Under the proposal, access to secret information would still be restricted to people with the proper clearances, but you would no longer have to identify and track documents with a serial number. The upshot is that these documents became easily transportable.
The lab originally fought the idea, which was carried out by the Clinton administration, but finally implemented it in 1993. Because the missing hard drives are classified as secret restricted data, there was no sign-in requirement. They were, however, stored in a vault in a restricted area subject to passwords and other clearances.
"Throughout the government, secret data is no longer accounted for in this country, period. I don't care what agency you go into, there is no accountability for secret data," Mr. Browne said.
But many question why the lab didn't do more than was required - come up with its own internal accountability system if it objected to the change. Stanley Busboom, director of security at Los Alamos, says the lab was responding to a new era of openness about classified information.
"The way it was posed was an openness initiative," he says. "In fact, if you go back, you'll find a lot of parallel discussion over classification. Too many secrets."
Another reason the lab didn't do more on its own is the bureaucratic tendency to not deviate from official edicts. Mr. Busboom, who worked in the Defense Department at the time of the accountability change, recalls a specific decision to "follow the rule."

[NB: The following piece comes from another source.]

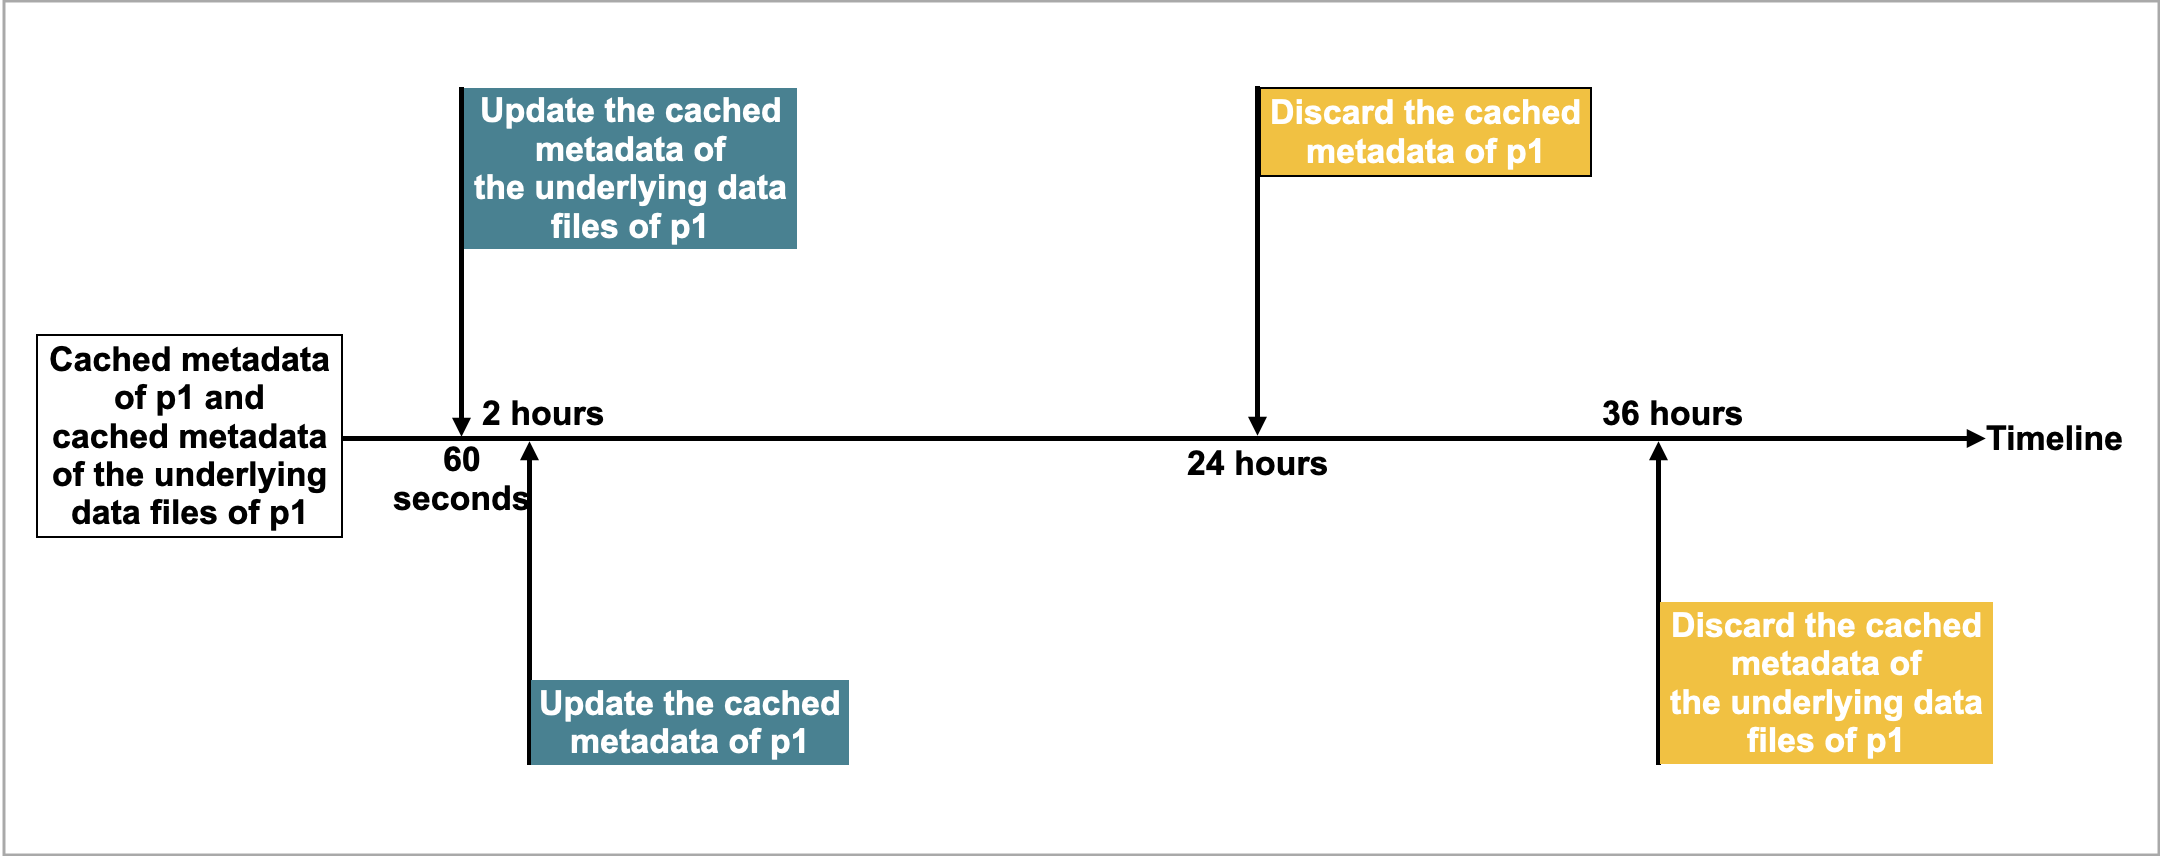 Timeline for updating and discarding cached metadata

He notes that, had the higher fences plan been adopted, the hard drives would have been bumped up to top secret. That means serial numbers would have been used, and officials would have to know the location of the drives at all times.
Still, protecting sensitive information requires more than just changing a classification. Experts note how difficult it is becoming to track the voluminous amounts of information coming out of government.

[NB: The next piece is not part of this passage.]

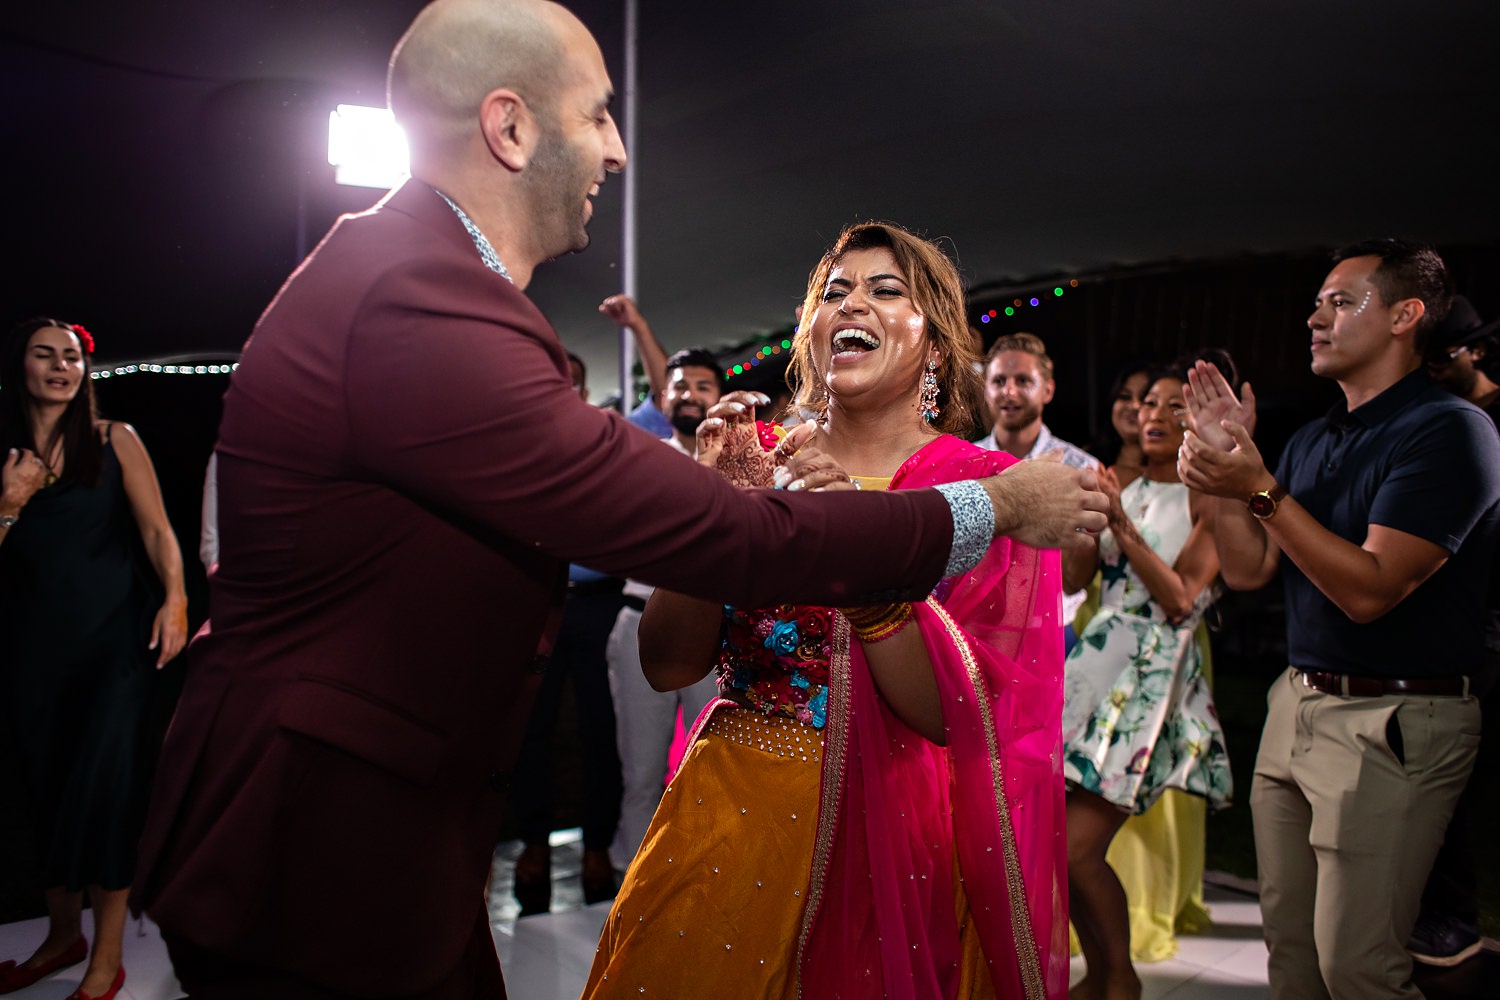 The bride and groom laugh in the middle of the wedding dancefloor dressed in traditional wedding attire and a maroon and gold embellished Sari

Indeed, in the December Defense Department letter to DOE's Habiger, the Pentagon cited difficulties of upgrading secret information to top secret. "We anticipate that the costs of implementing such a program would be substantial," wrote Arthur Money, assistant secretary of defense. He said it would require building top-secret storage facilities and buying more secure computer equipment.
Adding to the difficulty of ensuring secrecy in an electronic age is the issue of mobility. The missing hard drives, for instance, are part of a "tool kit" used by a special team at Los Alamos called the Nuclear Emergency Search Team. The group's job is to dismantle or disarm nuclear devices and deal with nuclear disasters.
Published reports indicate that the drives contain details about US and Russian nuclear weapons, as well as information about missiles from China and France.
"The reason these particular devices are removable is because the whole team's concept is mobility - going anywhere in the world," says Busboom.
Daniel Gour, a security expert at the Center for Strategic and International Studies, says top-secret classification for the drives could render them "useless," if it means they couldn't be taken out into the field.
Monitoring e-mail
In the wake of the missing-drives incident, pressure is mounting on the Clinton administration to do more about protecting sensitive information. Reacting to the latest breech, the US Senate this week confirmed the No. 2 man at the CIA to head a new nuclear weapons agency within DOE.
Other steps have already been taken. Since the alleged mishandling of secrets by former Los Alamos scientist Wen Ho Lee, lab officials have increased monitoring of e-mail and removed floppy disks from computers.
Still, more needs to be done. "The conundrum underlying this whole controversy is the failure of our security policies to adjust to the electronic information environment," says Aftergood. "You can track pieces of paper, and you can control Xerox machines. But you can't track electrons."